Transformation: 7 - When I bought Scorponok, he was already in robot mode, so I had to download directions from to figure out the exact transformation sequence. Once I did it, it was relatively simple to go back and forth between modes on my own.
Durability: 8 - Strong plastic was used in the mold, and the only things that would occasionally fall off were the shoulder-mounted gun turrets and the Silver shin plates.
Fun: 9 - I played with Scorponok for hours the night I got him. If there is any indication of how much fun I had, let me tell you I was late for work the next morning. That was fun.
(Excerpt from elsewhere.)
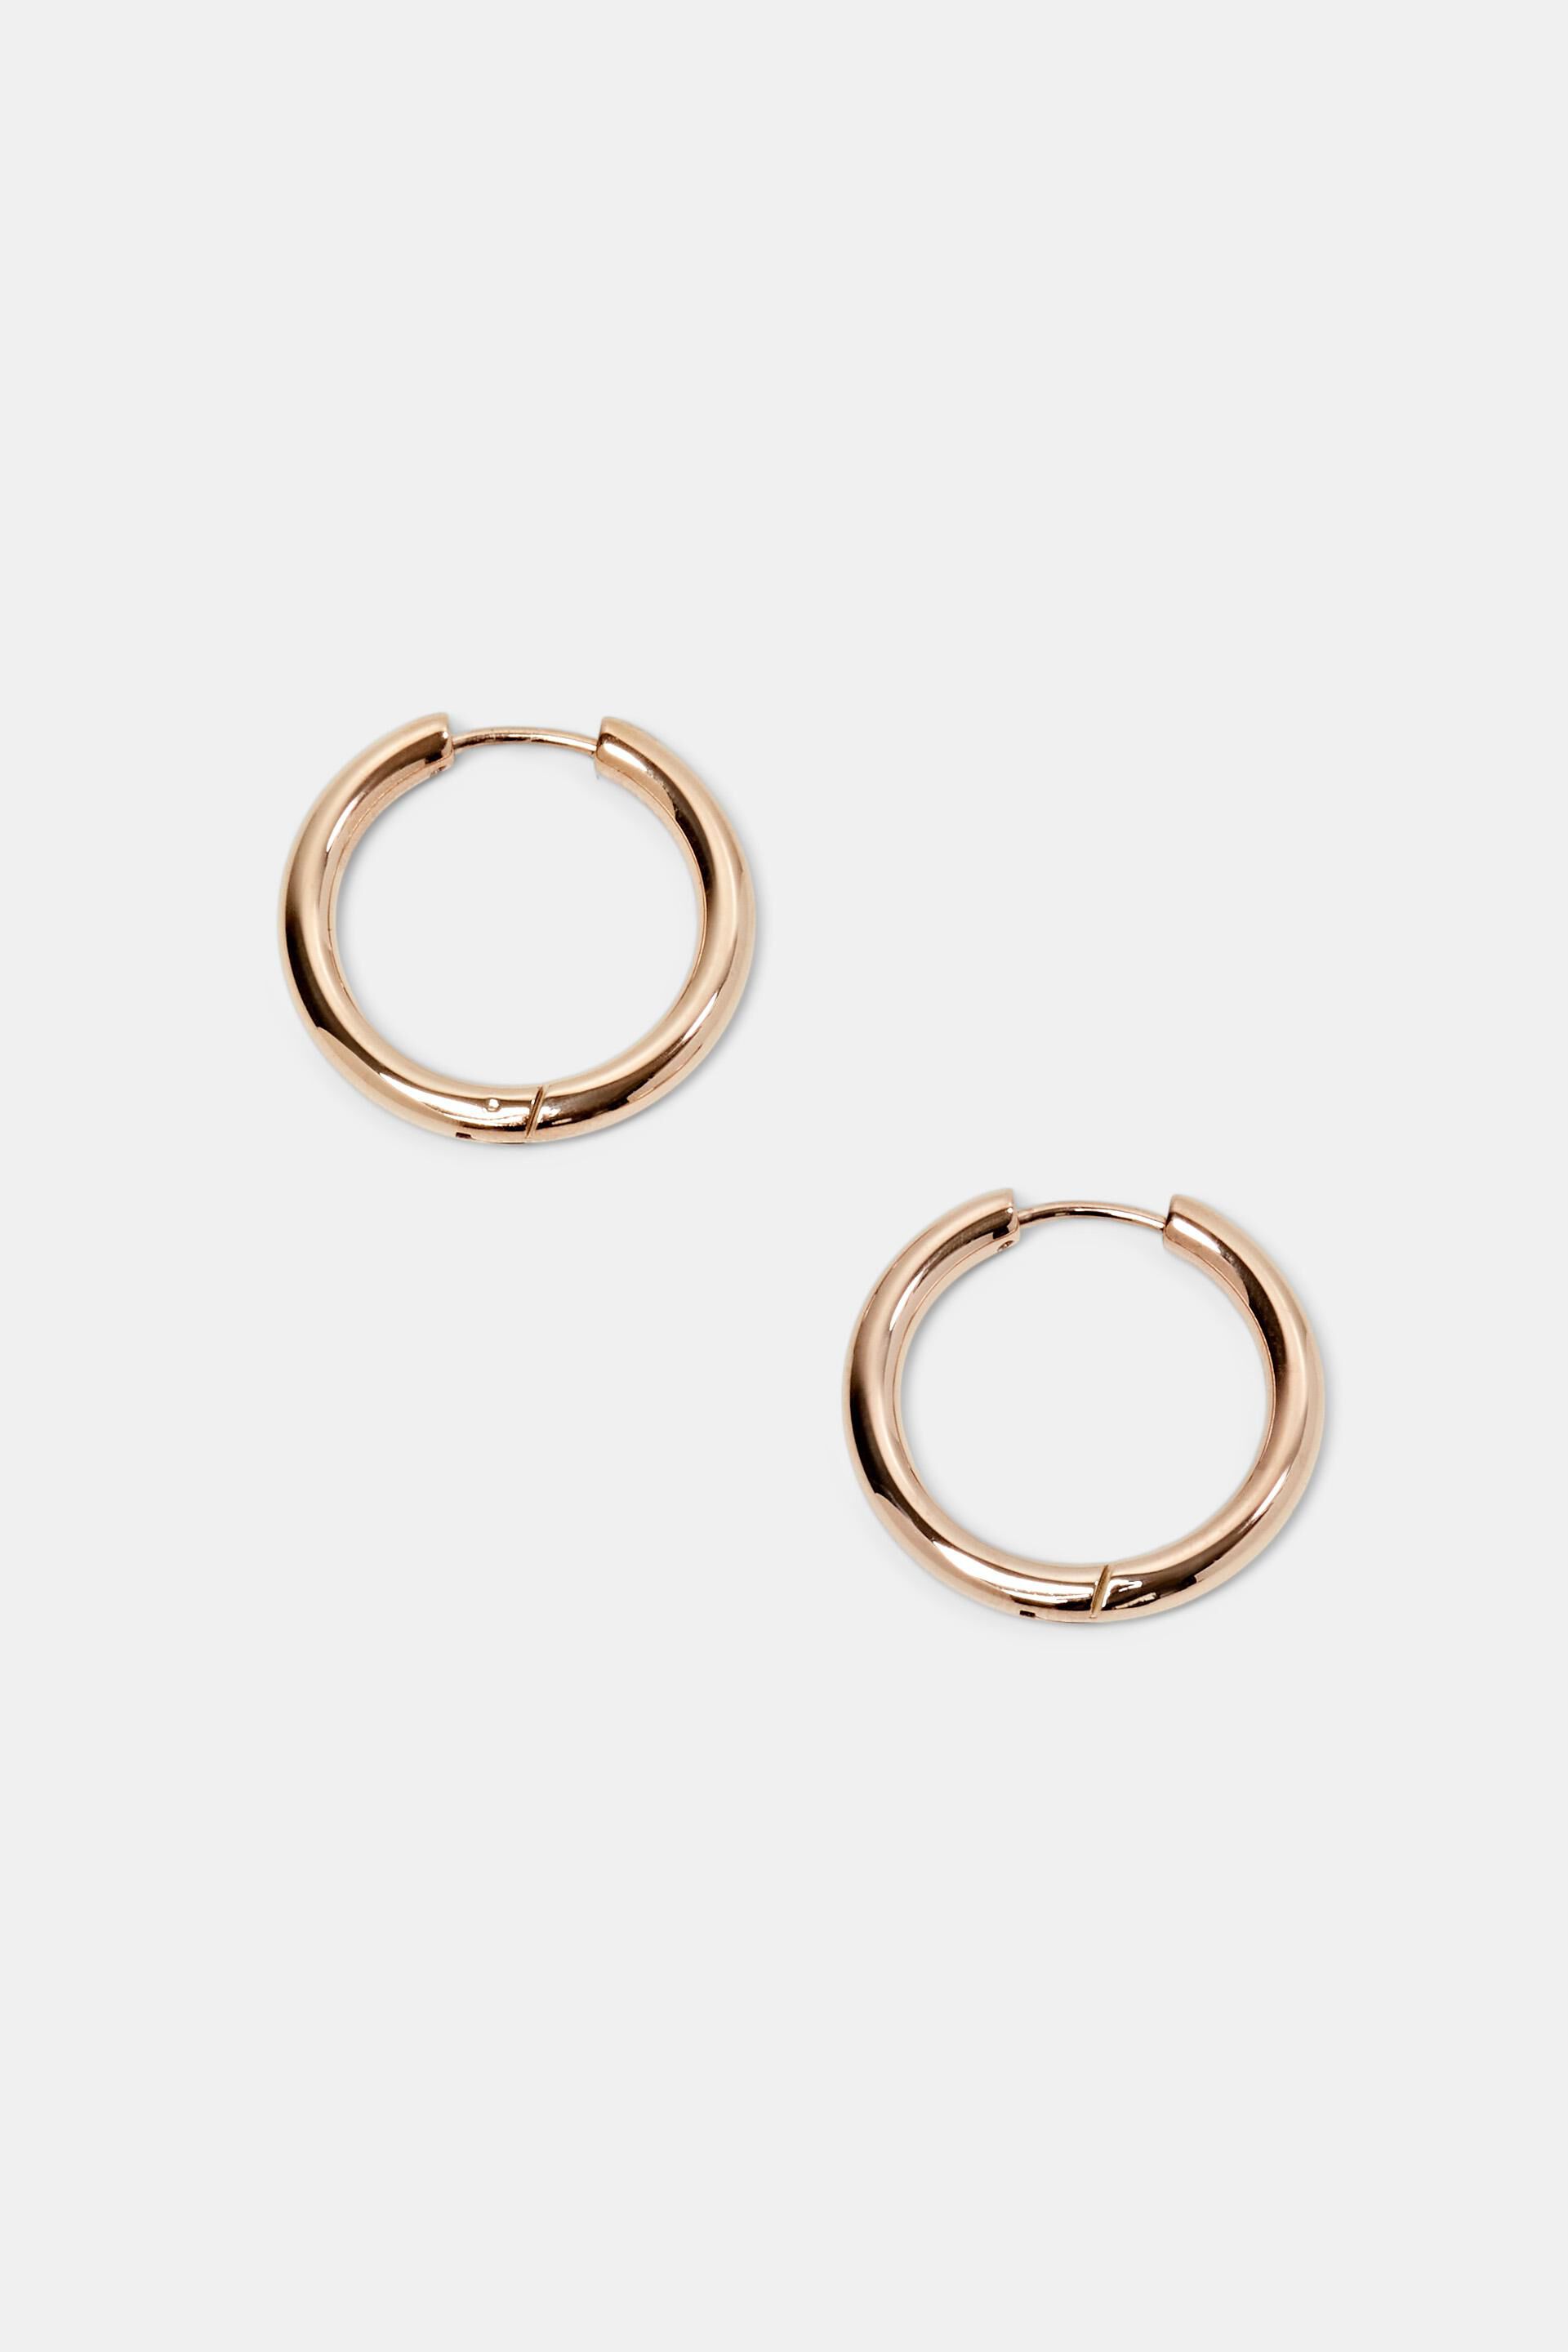 Esprit earrings, stainless Small hoop steel

Price: 6 - Since I never had Scorponok upon original release, I don't know how much he went for retail. Today, I paid in the area of $150 for a loose but complete specimen. Is that worth it to you? It was for me.
Summary: 9 - Great piece, I thoroughly enjoy displaying him and transforming him, and I'm glad I had the opportunity to purchase him, even though he had a considerable price tag on him. Scorponok definitely gets a "yey" vote from this transfan.